**What is needed:** From the records below, copy out exactly the lines from the one containing "Green Bay Packers" to the one containing "A Doberman sitting", both included. Add nothing else.

**Information provided:**
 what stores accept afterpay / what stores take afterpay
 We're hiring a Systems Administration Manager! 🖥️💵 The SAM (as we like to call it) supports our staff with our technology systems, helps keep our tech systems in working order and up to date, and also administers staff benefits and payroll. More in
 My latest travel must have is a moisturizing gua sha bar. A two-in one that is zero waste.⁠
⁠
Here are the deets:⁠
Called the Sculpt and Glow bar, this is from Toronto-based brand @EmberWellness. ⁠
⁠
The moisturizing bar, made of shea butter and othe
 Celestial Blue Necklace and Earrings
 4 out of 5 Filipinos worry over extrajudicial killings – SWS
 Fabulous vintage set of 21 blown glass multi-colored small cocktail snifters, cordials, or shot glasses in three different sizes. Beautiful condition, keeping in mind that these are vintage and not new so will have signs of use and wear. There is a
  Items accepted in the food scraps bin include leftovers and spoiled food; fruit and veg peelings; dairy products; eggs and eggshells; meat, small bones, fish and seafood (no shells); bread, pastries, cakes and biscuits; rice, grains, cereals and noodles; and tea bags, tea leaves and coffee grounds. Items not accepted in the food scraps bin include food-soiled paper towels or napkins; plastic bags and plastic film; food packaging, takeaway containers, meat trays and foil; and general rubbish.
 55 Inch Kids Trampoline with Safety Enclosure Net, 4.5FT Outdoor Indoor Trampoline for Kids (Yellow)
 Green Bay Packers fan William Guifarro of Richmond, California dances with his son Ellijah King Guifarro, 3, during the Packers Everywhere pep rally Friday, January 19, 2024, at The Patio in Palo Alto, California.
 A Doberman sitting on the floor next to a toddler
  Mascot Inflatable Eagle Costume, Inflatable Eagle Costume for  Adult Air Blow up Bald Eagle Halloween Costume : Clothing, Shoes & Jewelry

**Answer box:**
 Green Bay Packers fan William Guifarro of Richmond, California dances with his son Ellijah King Guifarro, 3, during the Packers Everywhere pep rally Friday, January 19, 2024, at The Patio in Palo Alto, California.
 A Doberman sitting on the floor next to a toddler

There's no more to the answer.